“可你看看现在的情况,是小常出去避避就能行的吗?”
有的时候,袁海不得不承认,周岩生还是保持了一部分童真的,想问题实在是过於简单了。
那人一来就说要挑战他们最厉害的常季,显然是知道人的,哪里可能是一个什么交流会的事情就能打发的。
弄不好还会让人觉得常季不战而败呢,那可绝对不行。
本来能贏的事情,何必搞得那么复杂,直接用实力碾压就行了,大家都爽快。
到了这会,常季才算是明白了,这一出到底是个什么戏路,却原来有人不死心又来川省挑畔了。
作为半个川省人,绝对不能就这么简单过去。
“袁盛也输了,那人的刀工真这么好?”
常季虽然不知道袁盛具体的实力,却也是看过他的刀工的。
说实在话,绝对是一流水平偏上的,就这还输了,看起来能够来挑战,果然是有些实力的。
“就差一筹,差的不多,不过他做菜肯定没我厉害,不然也不会避而不战,太卑鄙了。还说什么做菜不是他擅长的,就比他擅长的刀工才行。”
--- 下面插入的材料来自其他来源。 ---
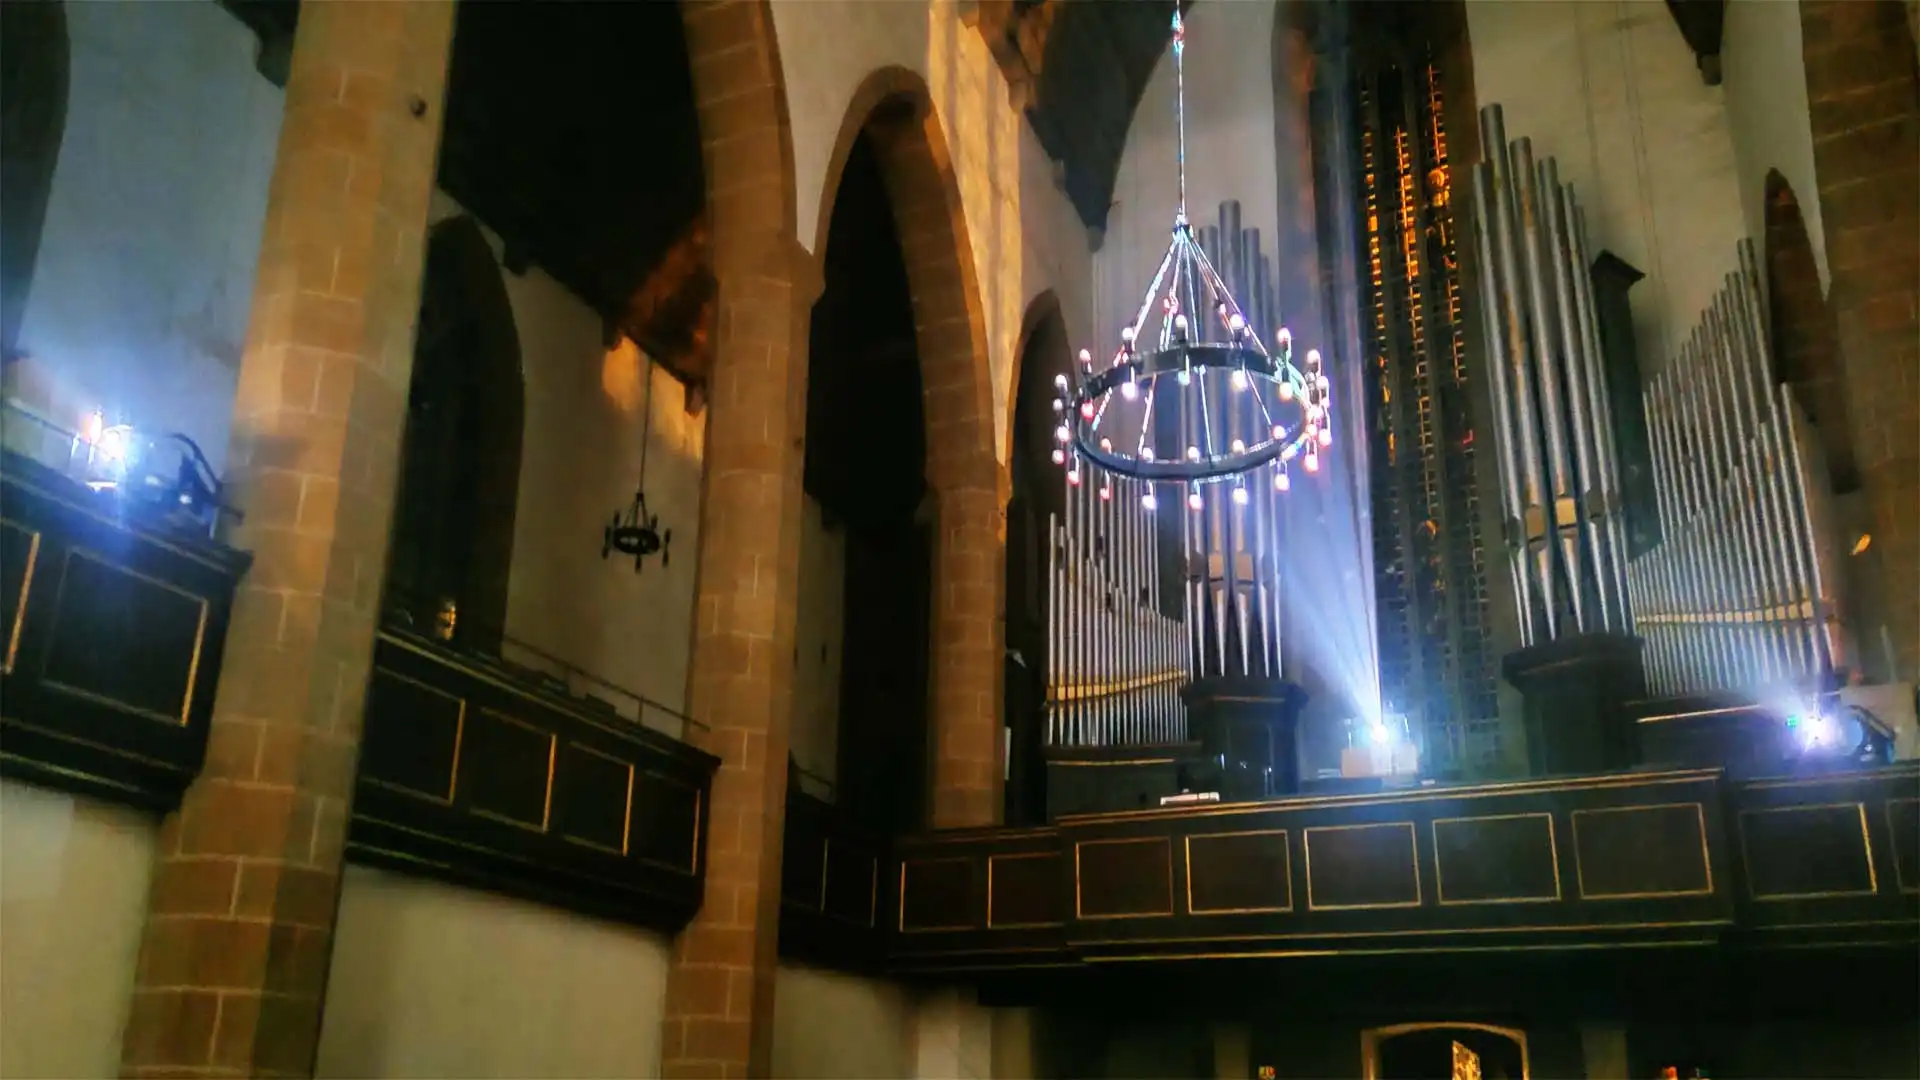 Drei Laserbeamer auf der Empore der Augustinerkirche Erfurt, aufgebaut für die Medieninstallation Silence
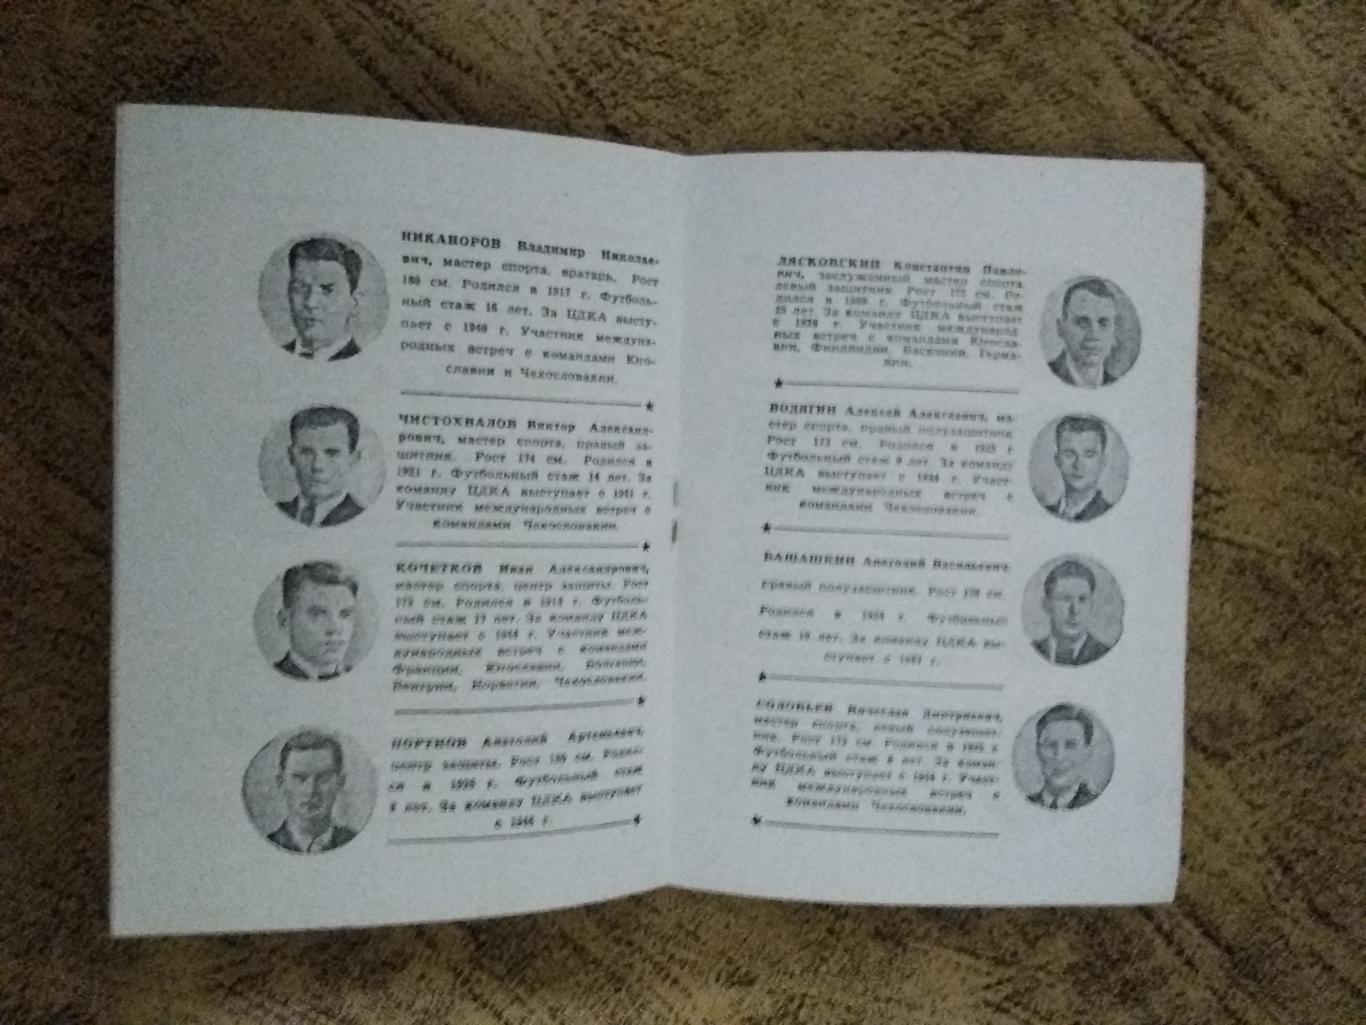 ЦДКА (Москва). Московский большевик 1948 г. (копия). 1

“要不是我们是礼仪之邦,都想问候他老母两句了,怎么就好意思用自己的擅长跟人家的不擅长比,贏了还沾沾自喜,十分囂张,简直不知所谓!”
提起这个,袁盛那话可就多了,显然是怨念十足。
“放心,他要是敢来,绝对让他后悔来华夏。”
常季拍了拍袁盛的肩膀,算是安慰了一下,这鬱闷的小伙子。
毕竟这確实是胜之不武,他们川菜也不是以刀工见长的,硬要只比刀工,还真没几个人能够贏这工於心计的小日子。
当然这也是他们小日子的常规做法,不耻却也不惊讶。
听袁叔的意思,这人估计很快就要来找自己了。